* **Material for this task**
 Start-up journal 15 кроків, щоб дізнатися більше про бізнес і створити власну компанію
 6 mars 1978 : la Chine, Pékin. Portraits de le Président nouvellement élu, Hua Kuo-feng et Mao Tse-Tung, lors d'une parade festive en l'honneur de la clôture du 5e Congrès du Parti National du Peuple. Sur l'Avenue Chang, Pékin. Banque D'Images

...

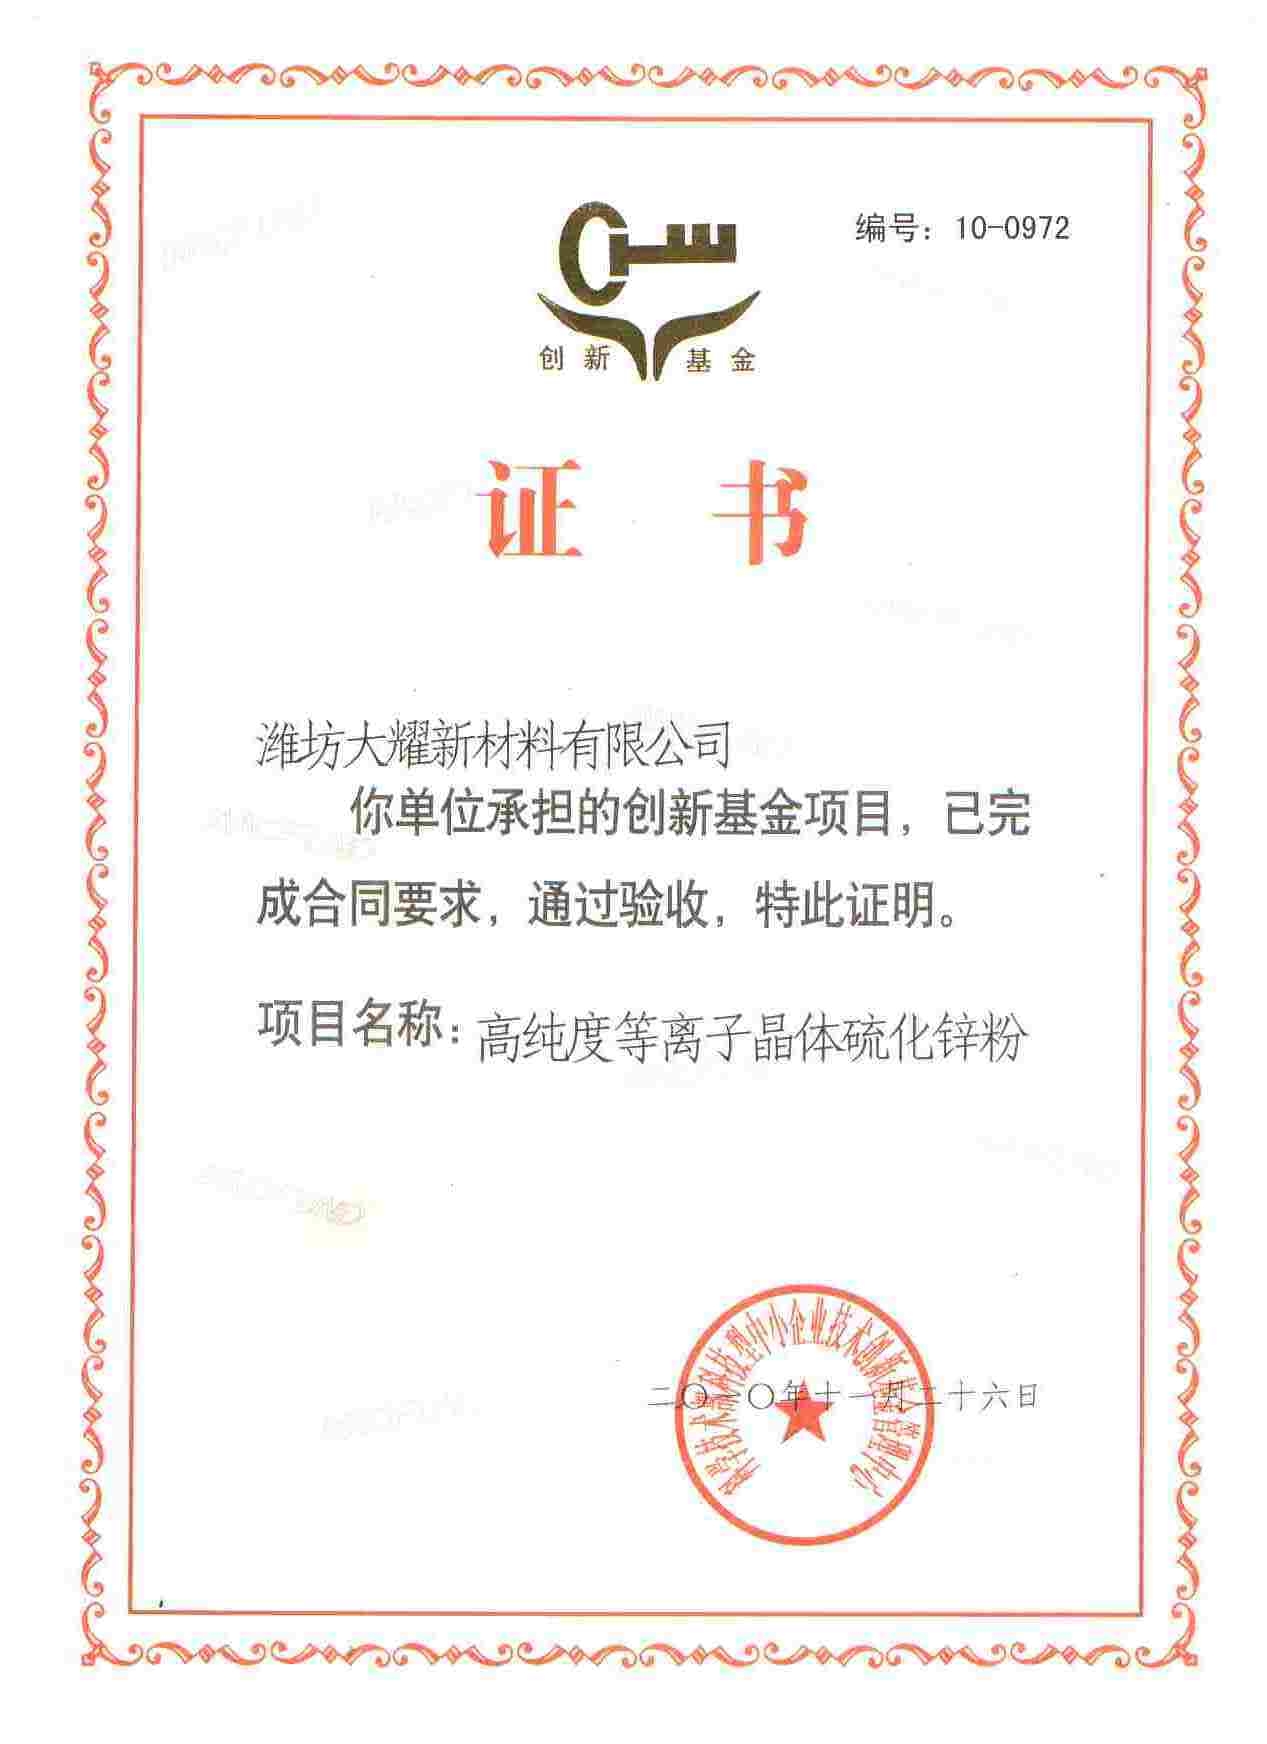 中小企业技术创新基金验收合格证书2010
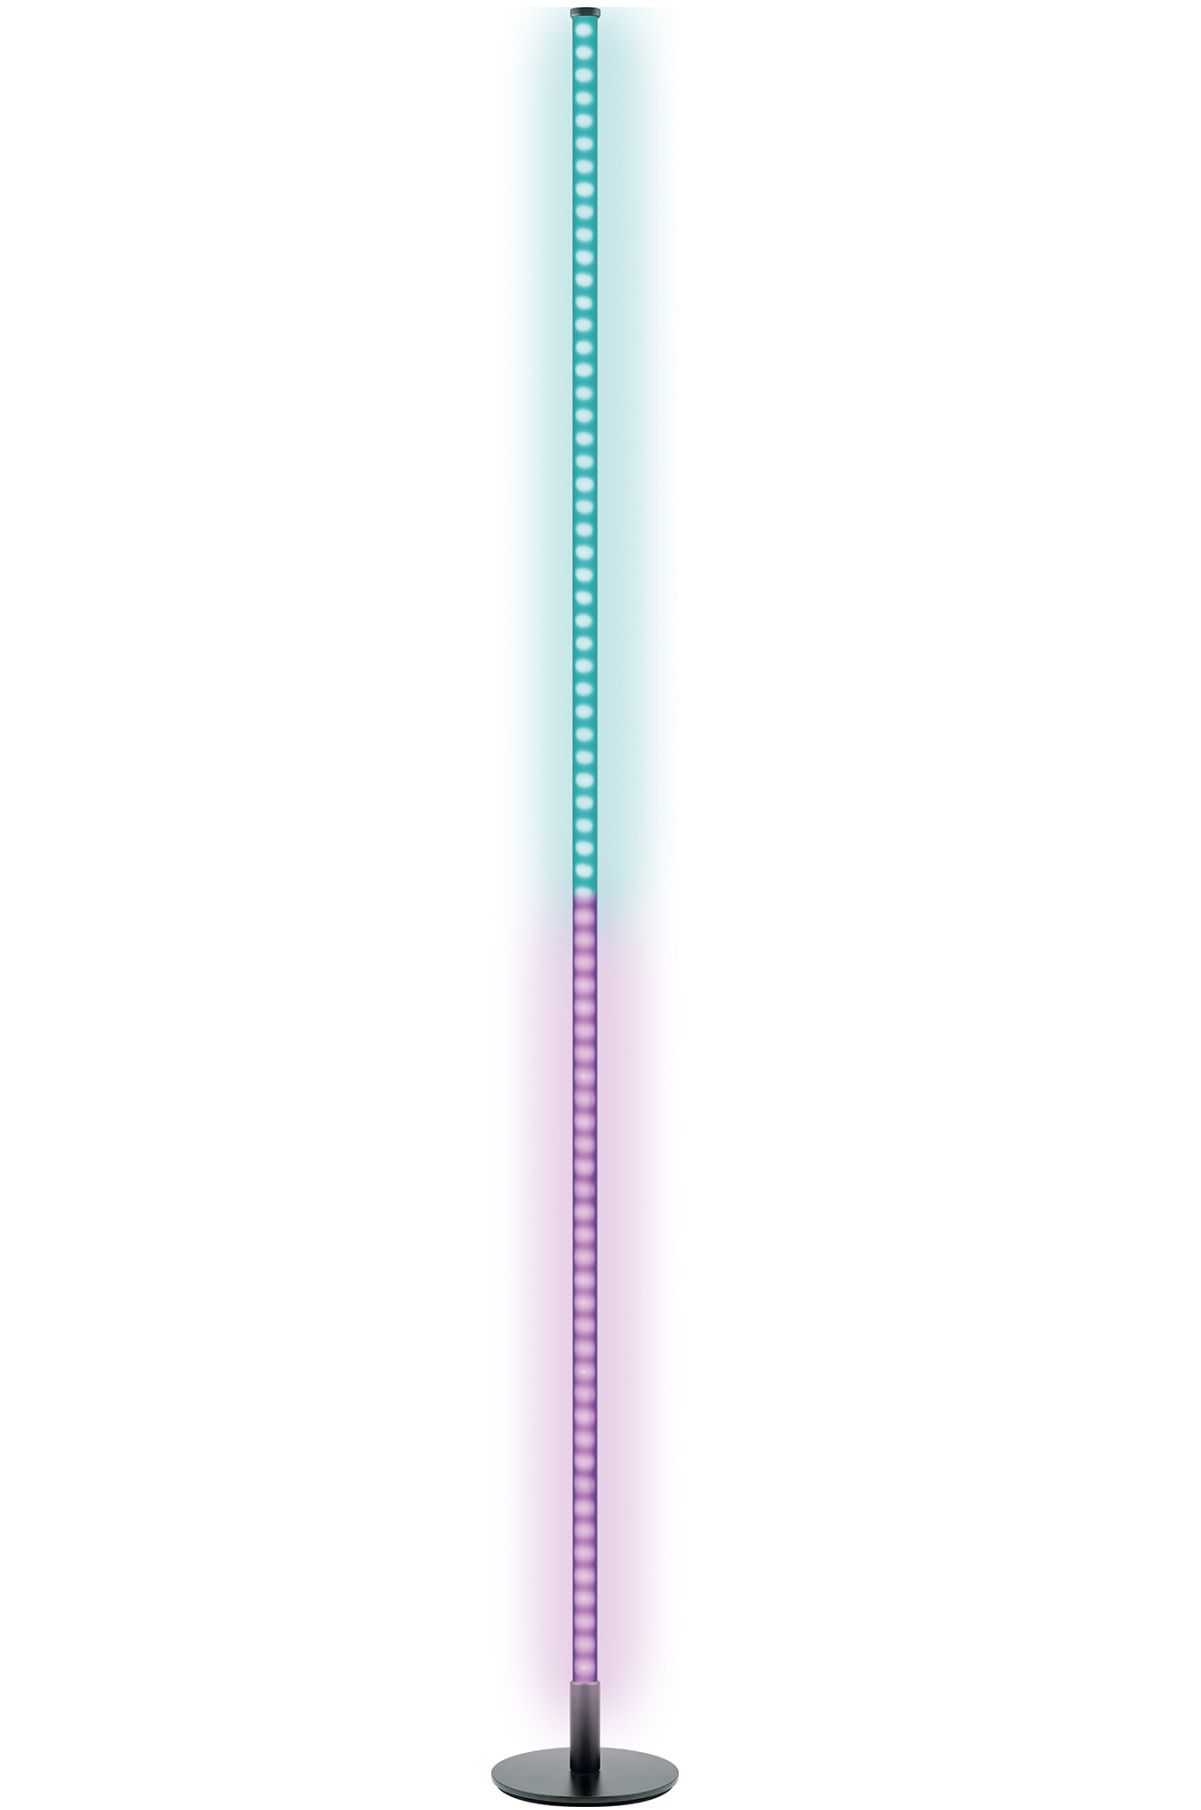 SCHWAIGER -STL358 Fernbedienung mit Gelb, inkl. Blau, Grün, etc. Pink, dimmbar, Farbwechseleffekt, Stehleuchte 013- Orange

* **What is needed**
Look above for the line holding "Start-up journal 15" and the line holding "6 mars 1978 : la". Retype both, and every line between them, word for word and nothing else.

* **Solution for this problem**
 Start-up journal 15 кроків, щоб дізнатися більше про бізнес і створити власну компанію
 6 mars 1978 : la Chine, Pékin. Portraits de le Président nouvellement élu, Hua Kuo-feng et Mao Tse-Tung, lors d'une parade festive en l'honneur de la clôture du 5e Congrès du Parti National du Peuple. Sur l'Avenue Chang, Pékin. Banque D'Images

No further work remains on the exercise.